In March, Shelley wrote to friends that Mary was depressed, suicidal and hostile towards him. Shelley was also beset by financial worries, as creditors from England pressed him for payment and he was obliged to make secret payments in connection with his "Neapolitan charge" Elena.

Meanwhile, Shelley was writing A Philosophical View of Reform, a political essay which he had begun in Rome. The unfinished essay, which remained unpublished in Shelley's lifetime, has been called "one of the most advanced and sophisticated documents of political philosophy in the nineteenth century".

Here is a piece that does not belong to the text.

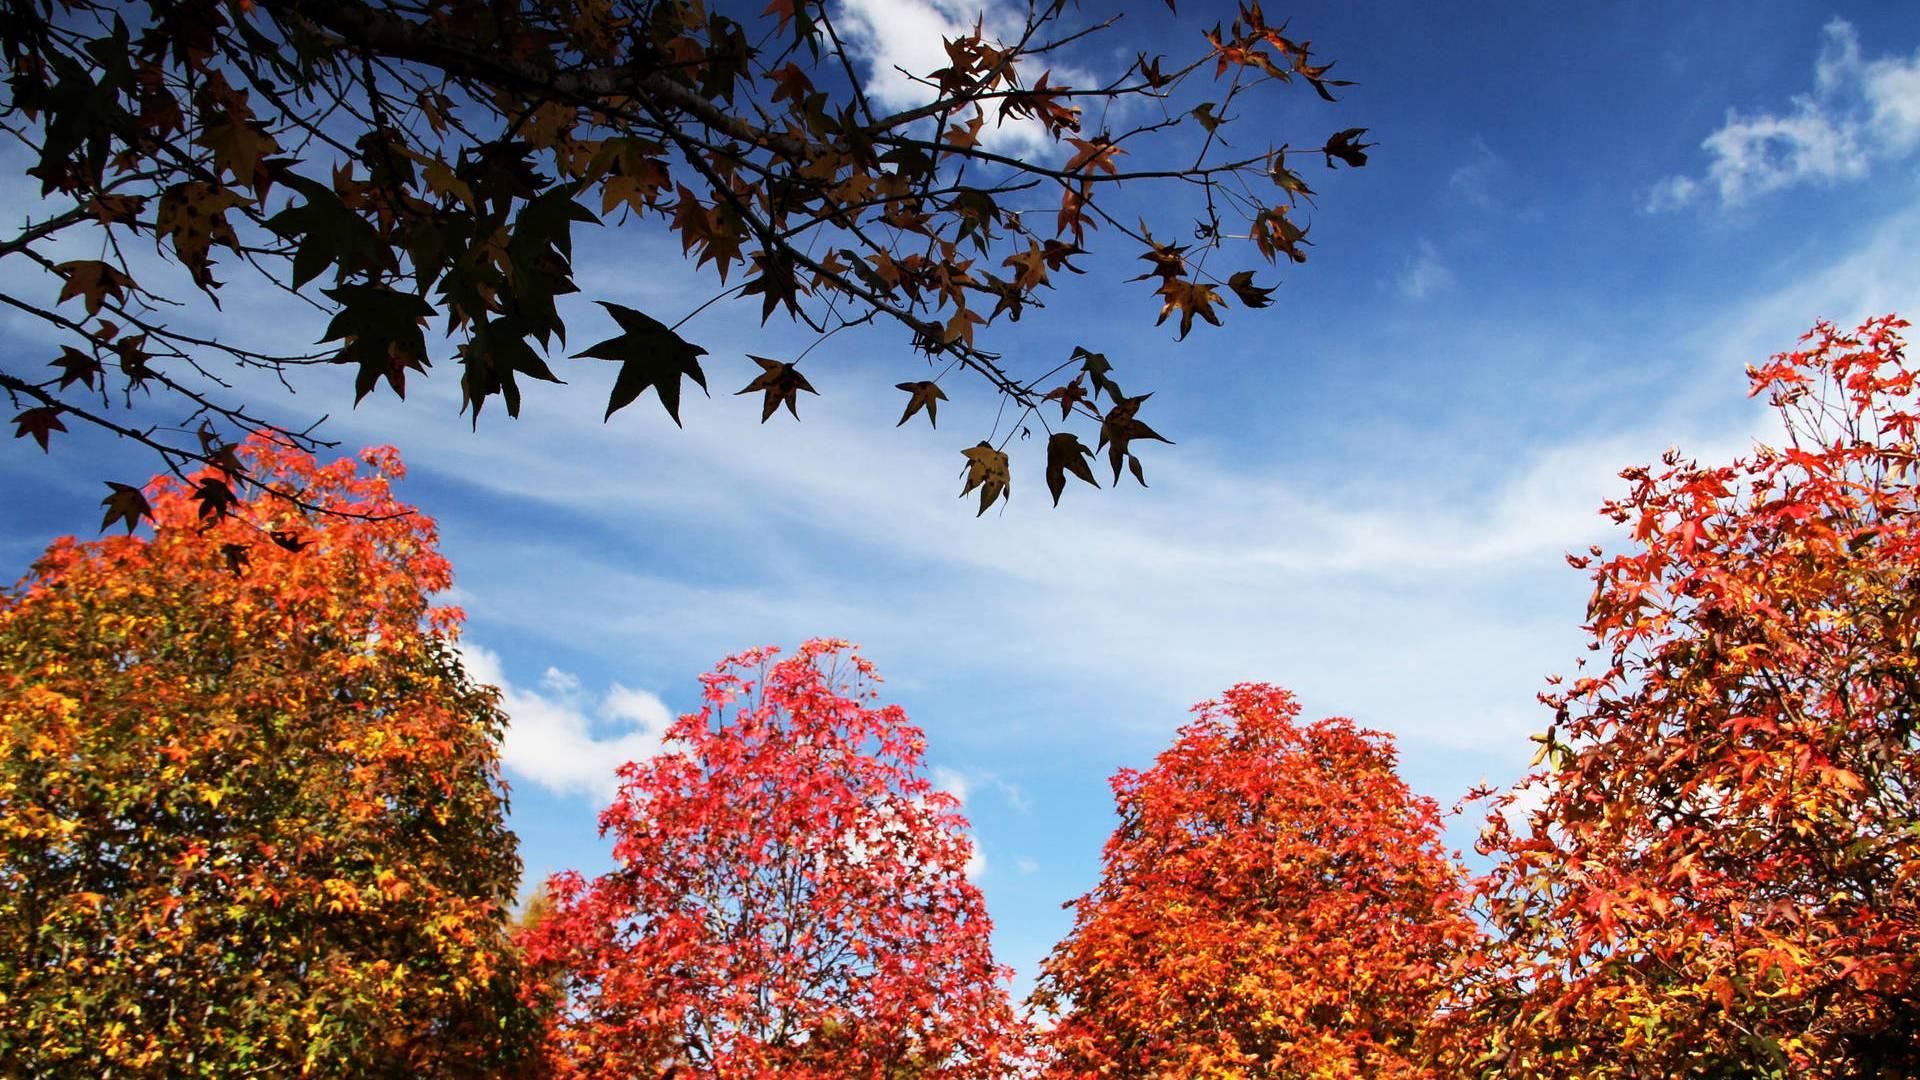 Outono começa abafado e com chuva em algumas regiões do Estado

Another crisis erupted in June when Shelley claimed that he had been assaulted in the Pisan post office by a man accusing him of foul crimes. Shelley's biographer James Bieri suggests that this incident was possibly a delusional episode brought on by extreme stress, as Shelley was being blackmailed by a former servant, Paolo Foggi, over baby Elena. It is likely that the blackmail was connected with a story spread by another former servant, Elise Foggi, that Shelley had fathered a child by Claire in Naples and had sent it to a foundling home. Shelley, Claire and Mary denied this story, and Elise later recanted.

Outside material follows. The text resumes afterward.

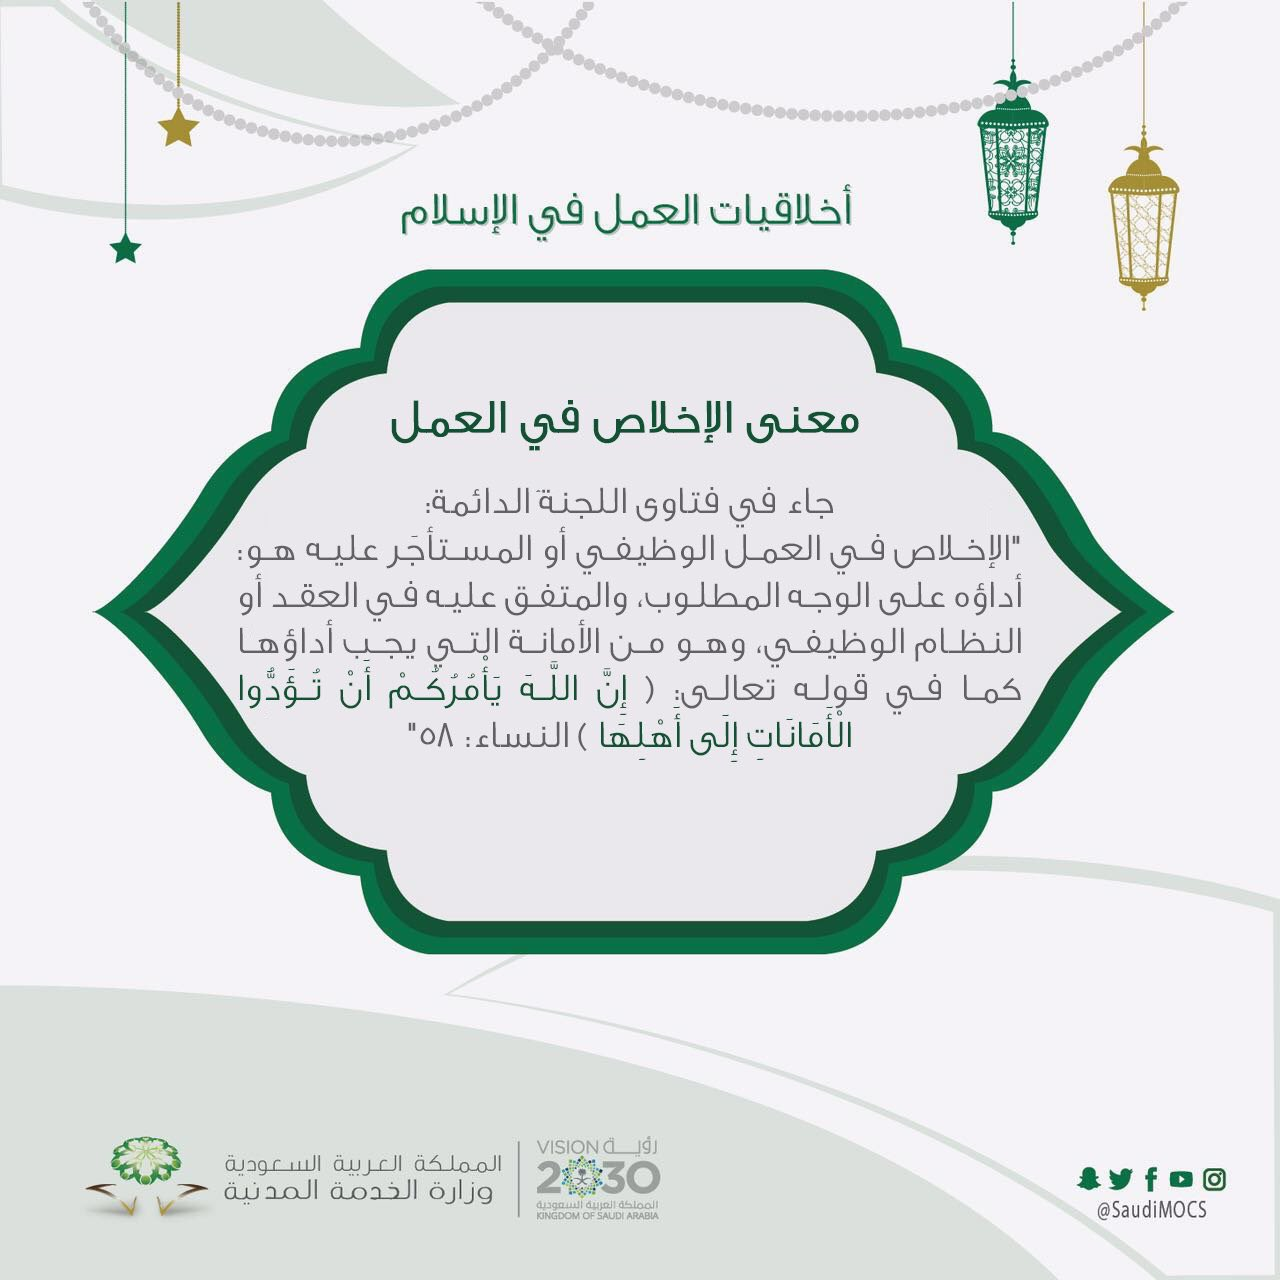 Uzivatel الموارد البشرية Na Twitteru التواضع الصدق الاخلاص العدل بعض الصفات العملية الجميلة التي نراها في موظفي وزارة الخدمة المدنية Saudimocs

In July, hearing that John Keats was seriously ill in England, Shelley wrote to the poet inviting him to stay with him at Pisa. Keats replied with hopes of seeing him, but instead, arrangements were made for Keats to travel to Rome. Following the death of Keats in 1821, Shelley wrote Adonais, which Harold Bloom considers one of the major pastoral elegies. The poem was published in Pisa in July 1821, but sold few copies.

In early July 1820, Shelley heard that baby Elena had died on 9 June. In the months following the post office incident and Elena's death, relations between Mary and Claire deteriorated and Claire spent most of the next two years living separately from the Shelleys, mainly in Florence.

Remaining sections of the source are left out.